What is Skywork-o1-Open-PRM-Qwen-2.5-7B?
Skywork-o1-Open-PRM-Qwen-2.5-7B is a model developed by the Skywork team at Kunlun Tech. This model series integrates o1 style slow thinking and reasoning capabilities. It excels in complex tasks like mathematical problem-solving and code evaluation. The model shows significant improvements in standard benchmarks and supports multiple languages including Chinese and English. It includes three advanced models: Skywork o1 Open-Llama-3.1-8B, Skywork o1 Open-PRM-Qwen-2.5-1.5B, and Skywork o1 Open-PRM-Qwen-2.5-7B.
Who is the target audience for Skywork-o1-Open-PRM-Qwen-2.5-7B?
The target audience includes AI researchers, data scientists, and developers who need to handle complex reasoning tasks and code evaluations. This model series can help them improve efficiency and accuracy in scenarios involving large-scale data and complex logical reasoning.
How can Skywork-o1-Open-PRM-Qwen-2.5-7B be used?
In mathematical problem-solving, the model can generate reasoning steps and rewards based on given problems and answers. For code evaluation, it can score each step of the code, helping to optimize quality. It also handles multilingual datasets effectively.
What are the key features of Skywork-o1-Open-PRM-Qwen-2.5-7B?
Enhanced Reasoning: Significant improvement in standard benchmark tests.
Multiple Models: Includes Skywork o1 Open-Llama-3.1-8B, Skywork o1 Open-PRM-Qwen-2.5-1.5B, and Skywork o1 Open-PRM-Qwen-2.5-7B.
Incremental Rewards: Skywork o1 Open-PRM-Qwen-2.5-1.5B uses incremental process rewards to enhance reasoning.
Extended Tasks: Skywork o1 Open-PRM-Qwen-2.5-7B extends the capabilities of the 1.5B model for more challenging tasks.
Multilingual Support: Supports both Chinese and English datasets.
Competitive Datasets: Uses Olympic-level datasets like OlympiadBench, AIME-24, and AMC-23.
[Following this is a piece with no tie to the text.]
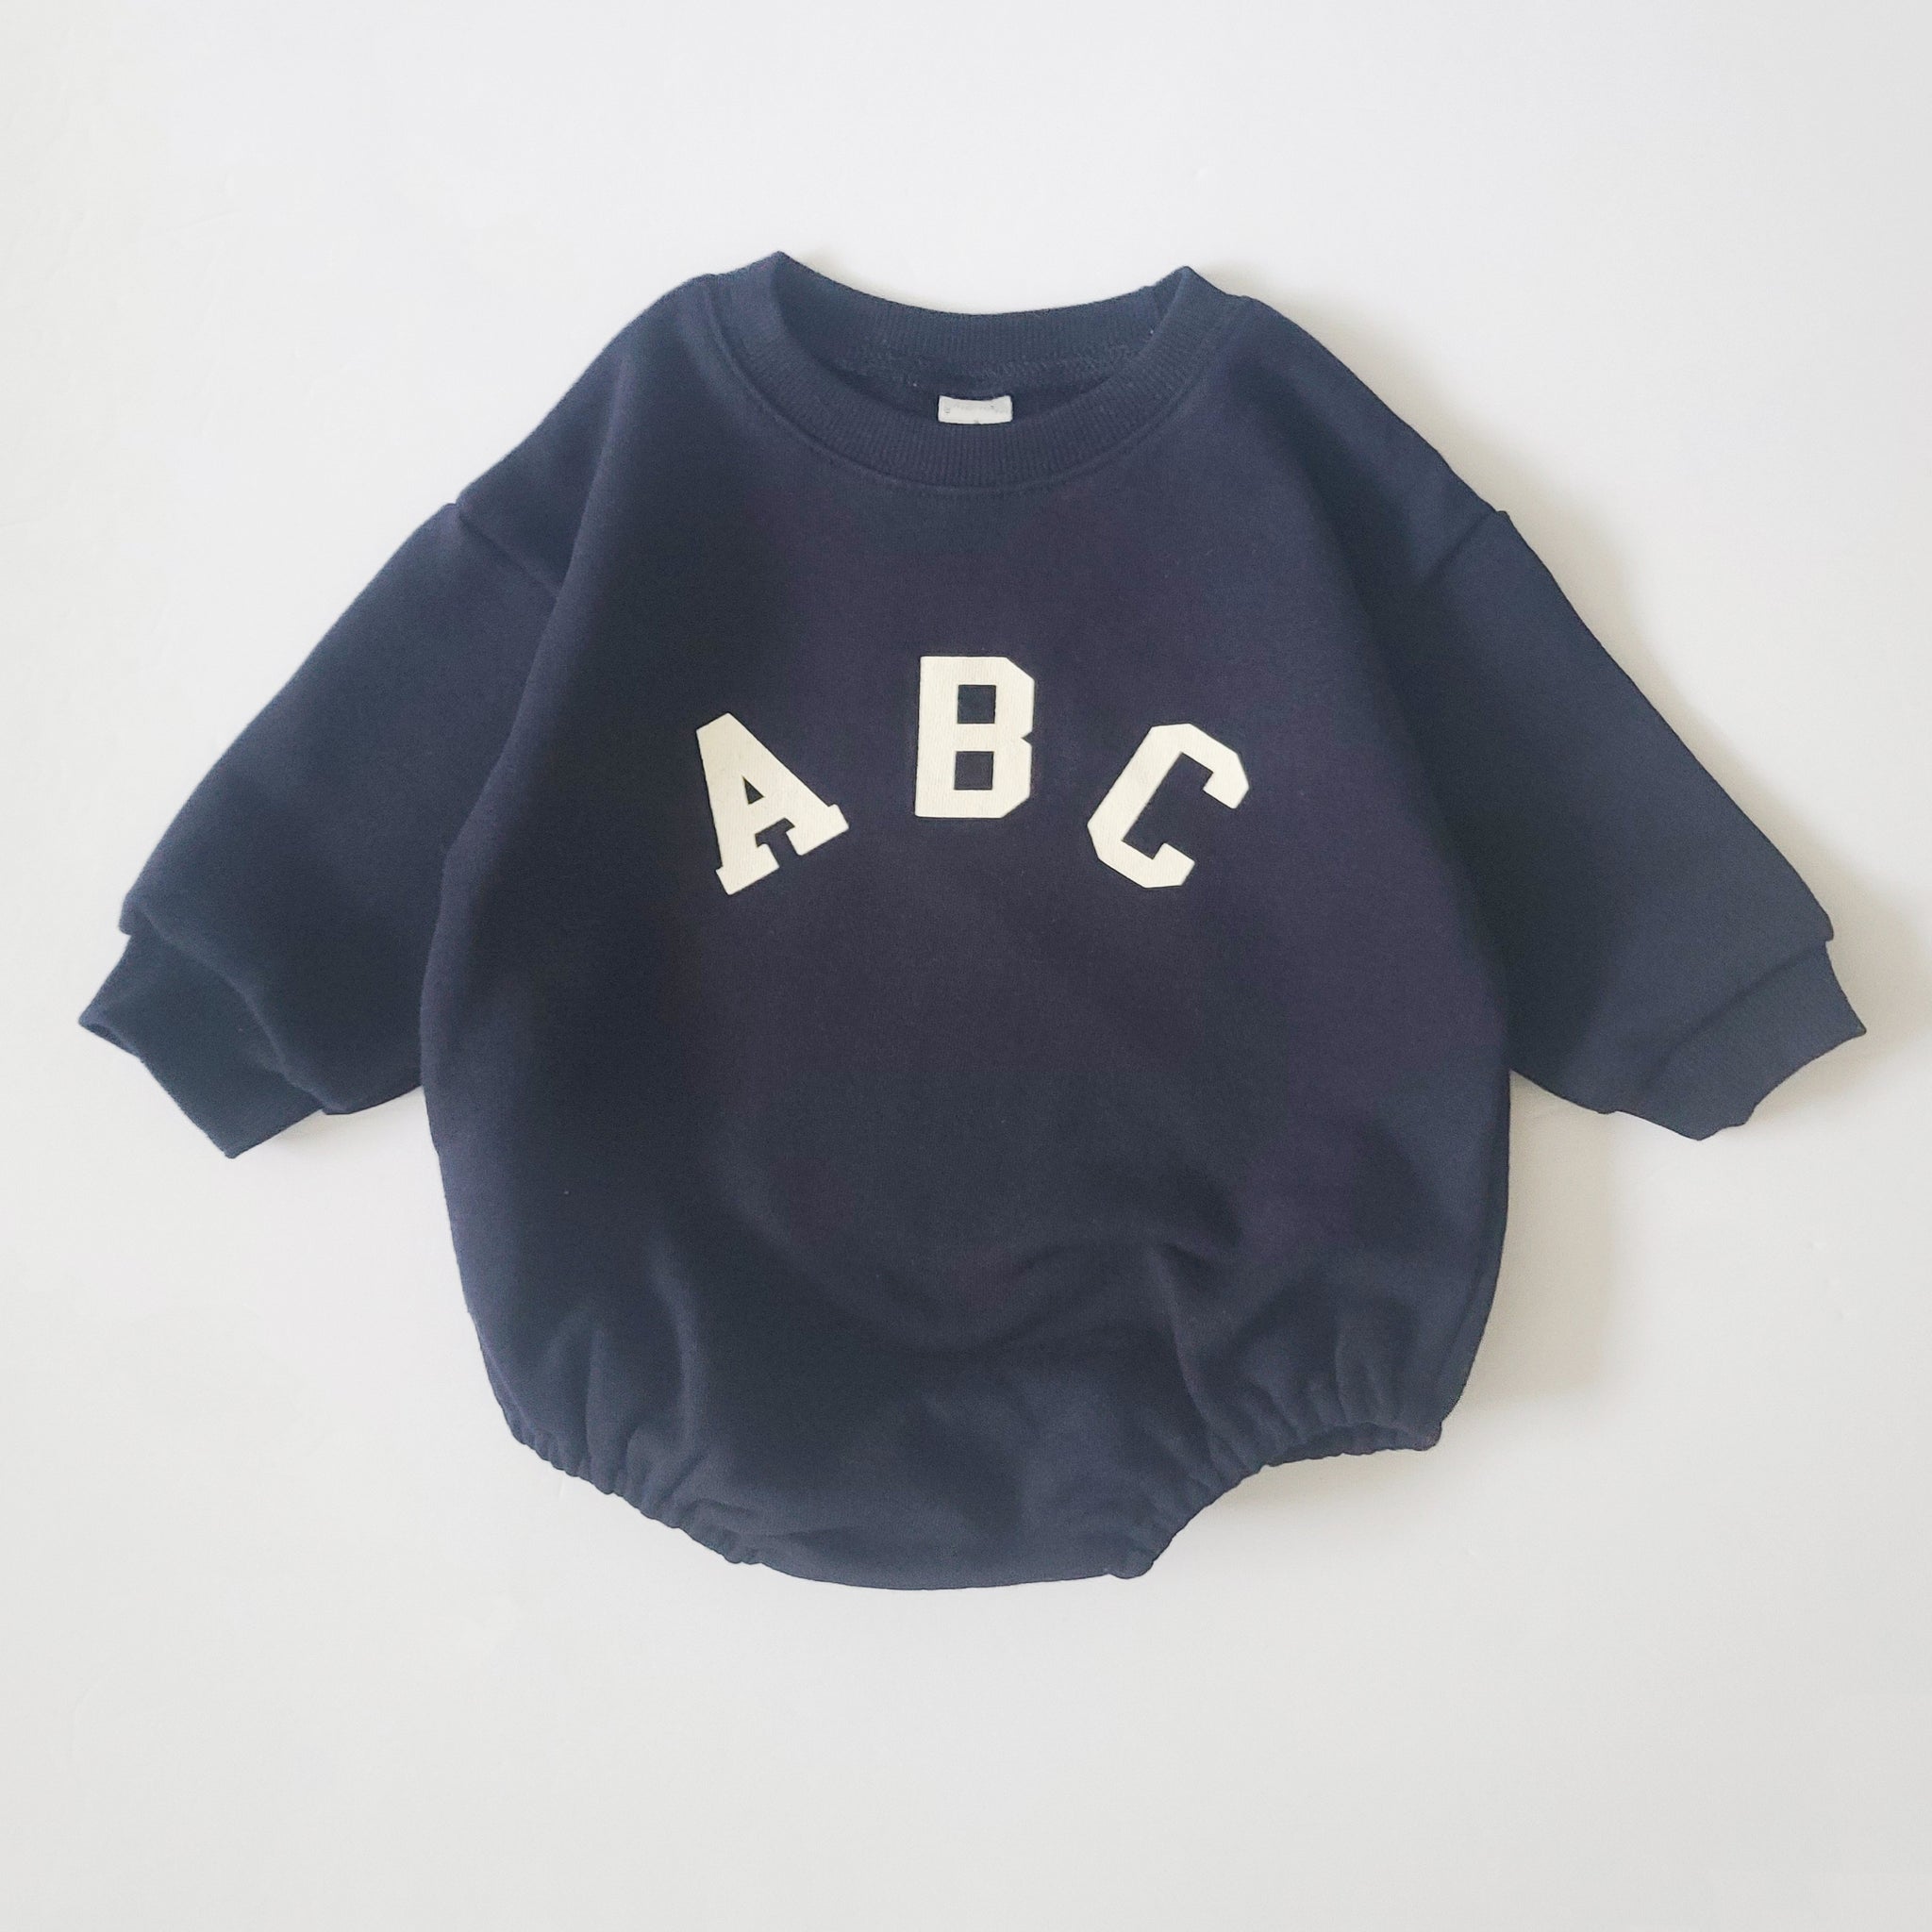 Baby ABC Sweatshirt Romper (3-12m) - Navy - AT NOON STORE

Code Evaluation: Involves code evaluation using datasets like HumanEval, MBPP, and LiveCodeBench.
How do you use Skywork-o1-Open-PRM-Qwen-2.5-7B?
1. Clone the Skywork PRM inference repository using git commands.
2. Prepare input data and run PRM inference according to provided examples.
3. Install vllm and vllm PRM plugins via pip.
4. Configure and start the vllm server for model inference.
5. Send a request to the vllm server for inference and receive results using provided code examples.